Okada’s Universal Entertainment Corp. issued on Tuesday a statement from Tokyo following reports in the Philippines that the Department of Justice (DOJ) had recommended the filing of charges against 26 people and corporations, including Okada himself, for alleged violation of the country’s anti-dummy laws.
The DOJ cited restrictions under the fundamental law of the land, the 1987 Constitution, which required 60 percent local ownership of land. Foreign investment regulations likewise cap foreign equity in the gaming business at 40 percent, the DOJ stated.
In its statement, Universal Entertainment said it had been “cooperatively” working with the Philippine government’s Officer of the General Counsel (OGCC) since 2012 and was advised it would have “until the completion of the development to resolve the land issue.” “Hence, based on this recommendation we have since sought ways to find an amicable resolution to the problem. Currently, we are already in the final stages of negotiations to secure potential local partners and finding a conclusion to the ownership of land,” the Japanese group said.
Okada earlier lost the group of taipan John Gokongwei as an ally in his upcoming Philippine gaming hub but there are “ongoing” discussions with property tycoon Andrew Tan’s Empire East Land Holdings Inc. Recently asked whether talks have expanded to include ELI’s potential ownership of land where the casino and other components of the project would rise, ELI president Chalemagne Yu had said: “Talks are very preliminary. (They are) really expressions of interest for a joint undertaking in the residential development.
Universal Entertainment, which would operate the project through wholly owned Tiger Resorts, Leisure and Entertainment Inc., said it couldn’t help but “speculate and express concern if there is any direct influence from our civil litigation against Wynn Resorts or the U.S. Federal Bureaus investigation.”
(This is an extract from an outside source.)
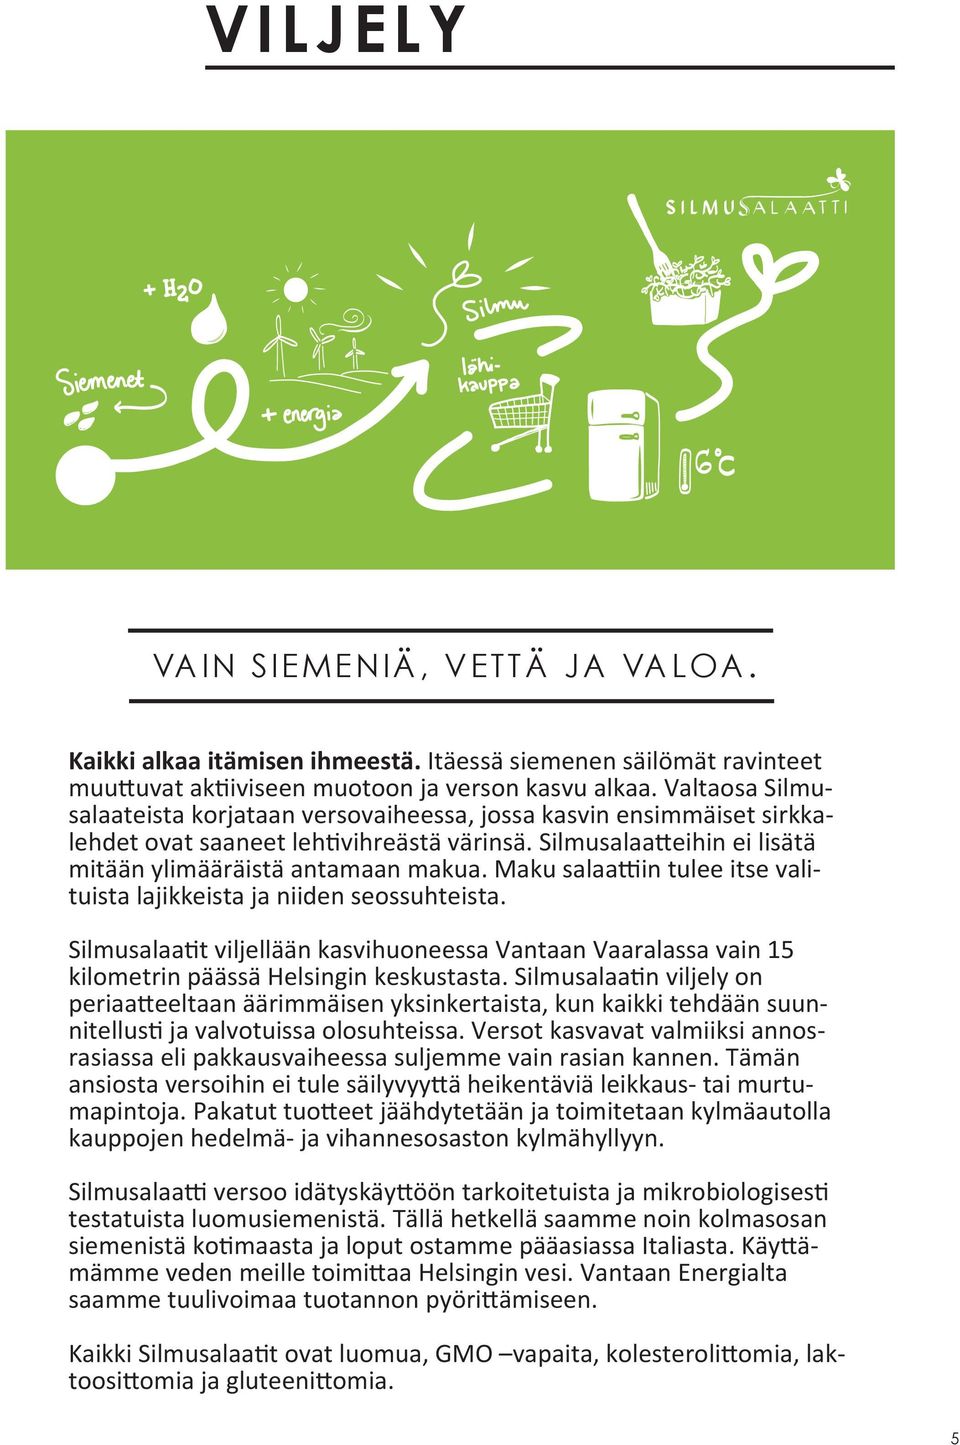 Maku salaattiin tulee itse valituista lajikkeista ja niiden seossuhteista. Silmusalaatit viljellään kasvihuoneessa Vantaan Vaaralassa vain 15 kilometrin päässä Helsingin keskustasta.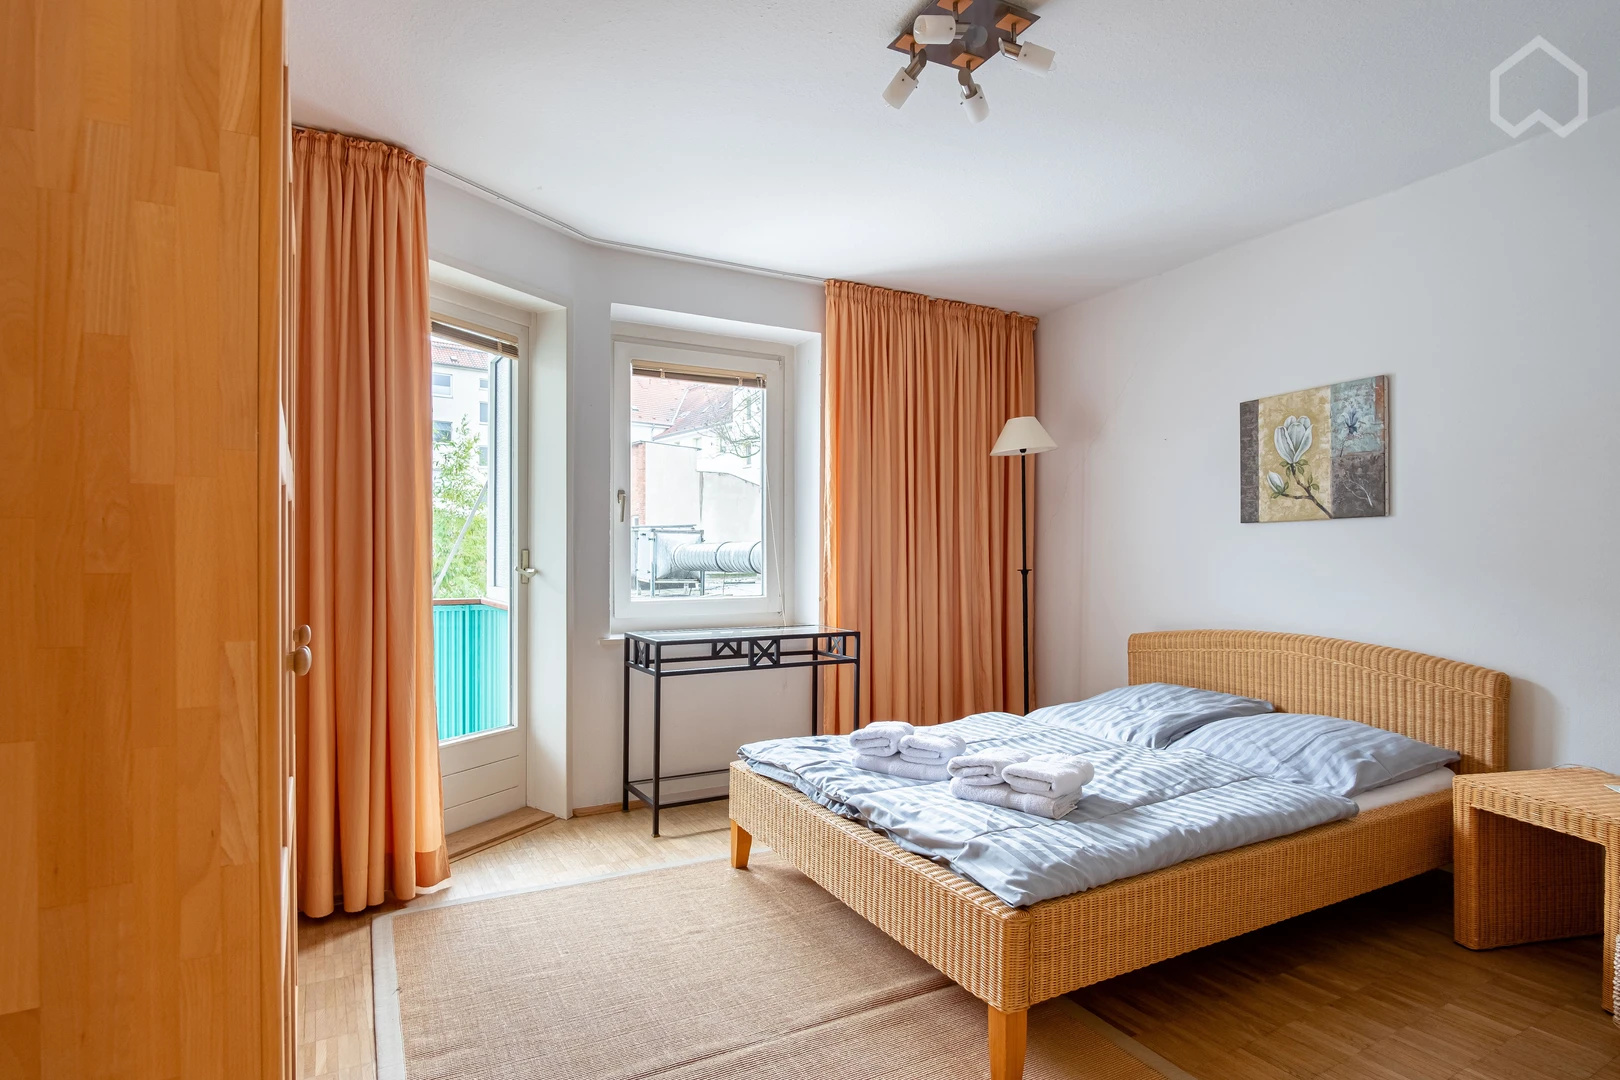 Alquiler de habitaciones por meses en hannover

Okada has been accused of making improper payments to Philippine regulators to secure a gaming license.
“We will continue to develop our dream of a fully integrated resort in Manila Bay that will not only create 15,000 stable jobs for the country but together with the Philippine people, attract international recognition and guests from all over the world,” the company said.
Okada’s company said it received the proposal for the Pagcor Entertainment City in Manila Bay in 2007, during which it submitted its bid and plan for the project.
“Being a foreign company, we were not yet familiar with Philippine government laws and ordinances so we sought out legal counsel to guide our planning and development from the largest and most prominent law firm in the Philippines,” the Japanese group said.
The land was acquired in Manila Bay in 2008 under Philippine laws based on the advice of its legal counsel, the group said.
But in 2010, the company said the Office of The President of the Philippines had presented a new interpretation to the Grandfather Rule of foreign real property ownership laws.
The so-called grandfather rule puts weight on the nationality of the stockholders in determining the nationality of a corporation or its compliance with laws on foreign equity limits.
An amicable solution is now being discussed and talks are being finalized with a prospective local partner, according to the group.